For EWPs such as glulam and CLT to replace solid timber as structural elements, they need to conform to the minimum mechanical property requirements of their intended applications. These are dictated by a series of manufacturing and performance standards, either global or country specific, that establish specifications and procedures to ensure that products, services, and systems are safe, reliable, and consistently performing as intended. They establish the minimum requirements defining the quality and safety criteria, and they are usually adopted into legislation. Some standards that regulate the production of glued laminated timber include the international standard ISO 12580 (2007), the American standard ASTM D2559-12a (2012), the European standard BS EN 14080 (2014), and the Australian / New Zealand standard AS/NZS 1328.1:1998 (2011).

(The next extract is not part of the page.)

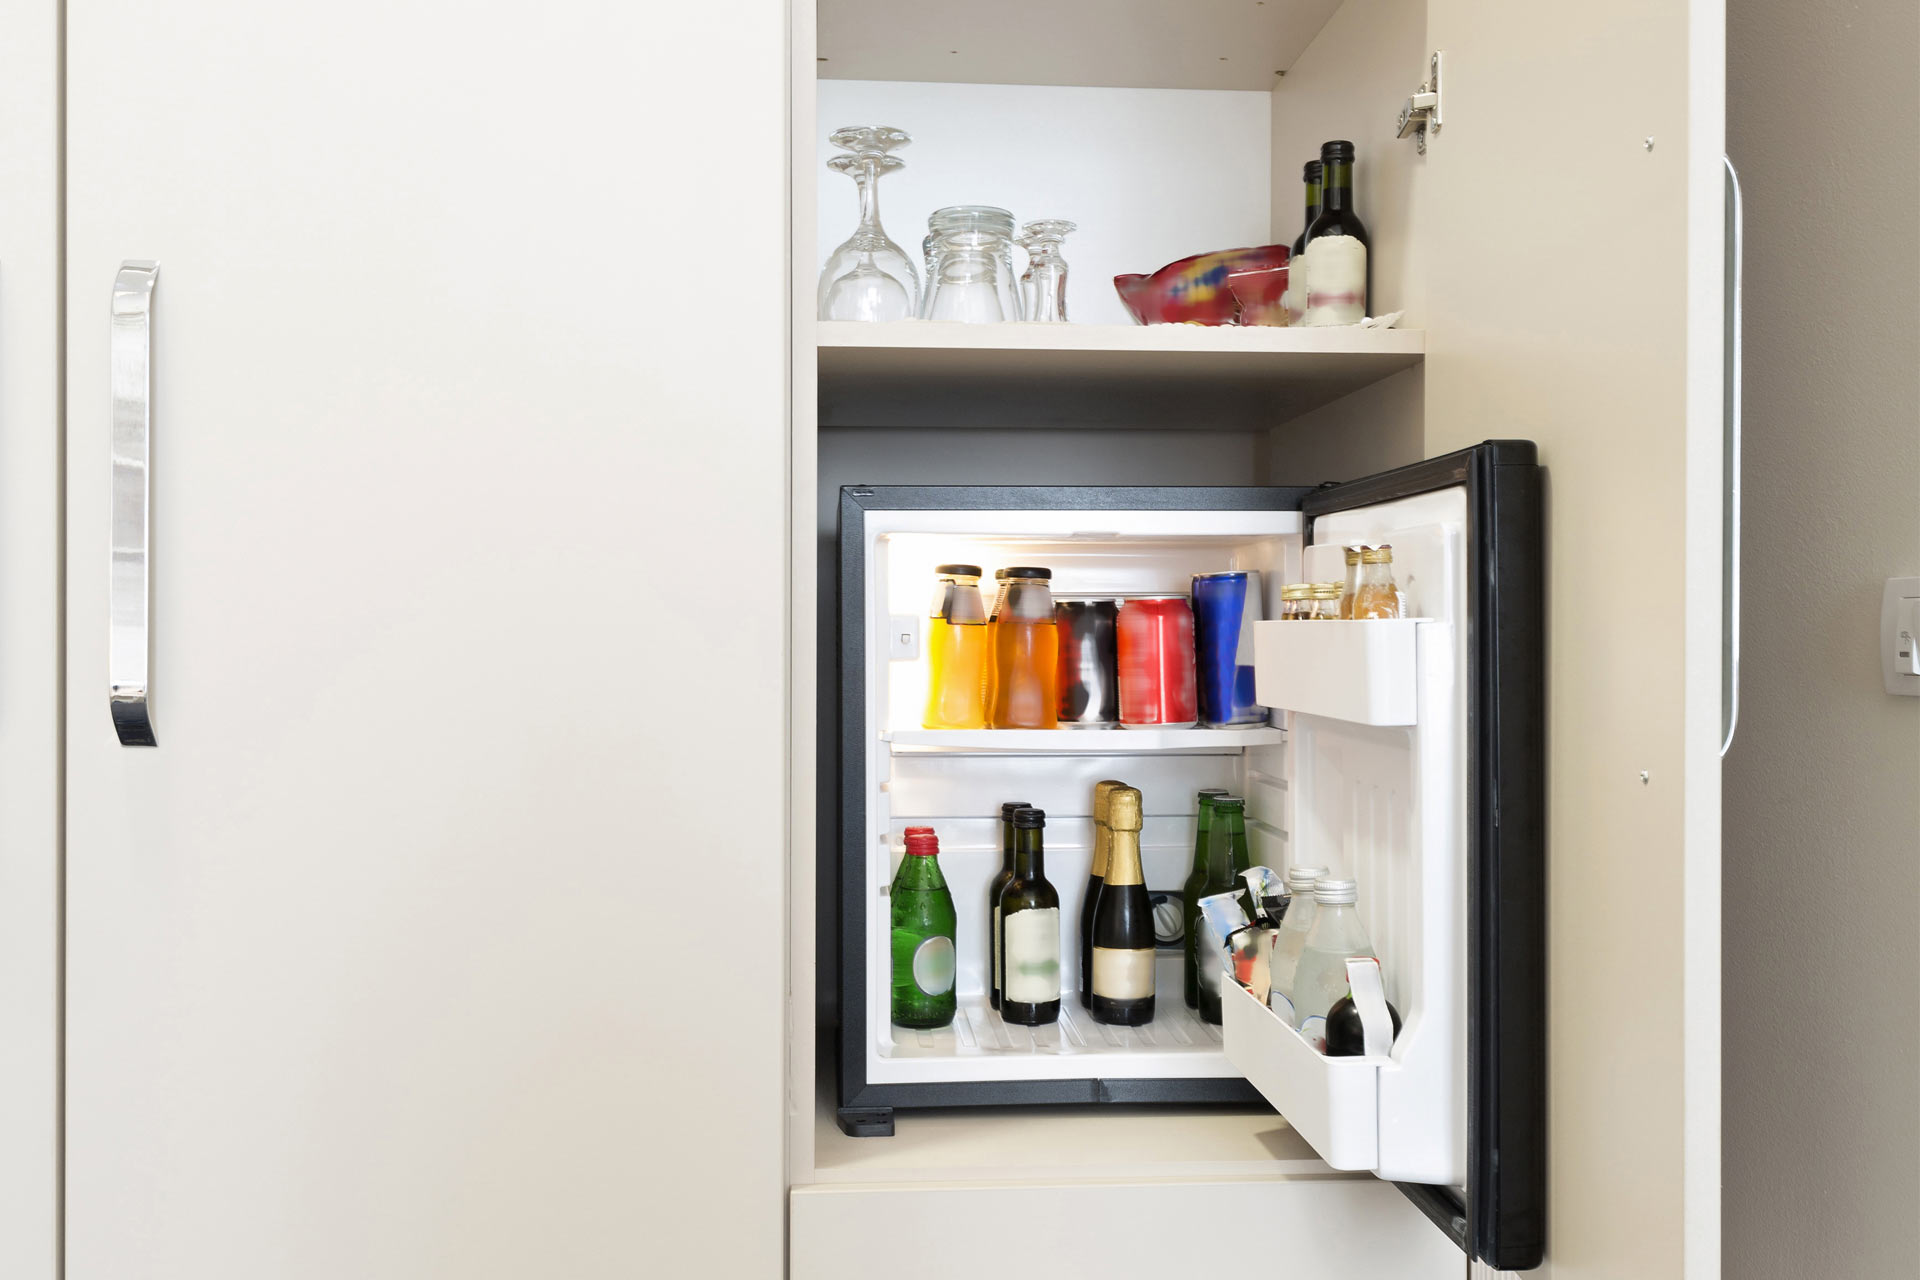 Mini Kühlschrank Zimmer : Mini kühlschrank im zimmer: mini kühlschrank haushaltsgeräte

All of these standards outline the timber and adhesive requirements for glulam element production, product verification processes, qualification, and routine test procedures. Whenever a new product, a new process, or a process change, such as a new adhesive or species, is to be introduced into the market, preliminary qualification tests have to be conducted to ensure compliance. Routine tests are a means of monitoring production and are conducted as a means of quality assurance.

Both qualification and routine procedures test the bond integrity of the glulam element by the introduction of a moisture gradient within the element. This induces an associated stress gradient with high tensile stresses perpendicular to the glue line, which will either result in the fracture of the timber lamella or a delamination of glue lines if the bond strength is inadequate. Delamination is assessed as part of the individual glue line as well as the total glue line of the element. All standards involve a procedure that fully impregnates test samples with water followed by a drying cycle. While the technique for the water impregnation cycle is shared among standards, there are differences in how the drying cycles are conducted. All have similar requirements for temperature and humidity within the drying chamber, but determination of the circulating airflow varies among the standards. AS/NZS 1328.1:1998 (2011) requires test specimens to be dried for a period of 21 h to 22 h at 60 °C to 70 °C with a relative humidity (RH) not greater than 15% and a circulating air velocity over the samples of 2 m/s to 3 m/s. ASTM D2559-12a (2012) also stipulates a drying temperature of 65.5 °C ± 2 °C for a period of 21 h to 22 h, but the air circulation is defined as that which is sufficient to reduce the sample weight to within 15% of the original test specimen mass. The European standard was updated in 2004 to reflect the drying cycle of the American standard, but prior to this it was similar to the Australian standard in that it specified a required air velocity based on a time.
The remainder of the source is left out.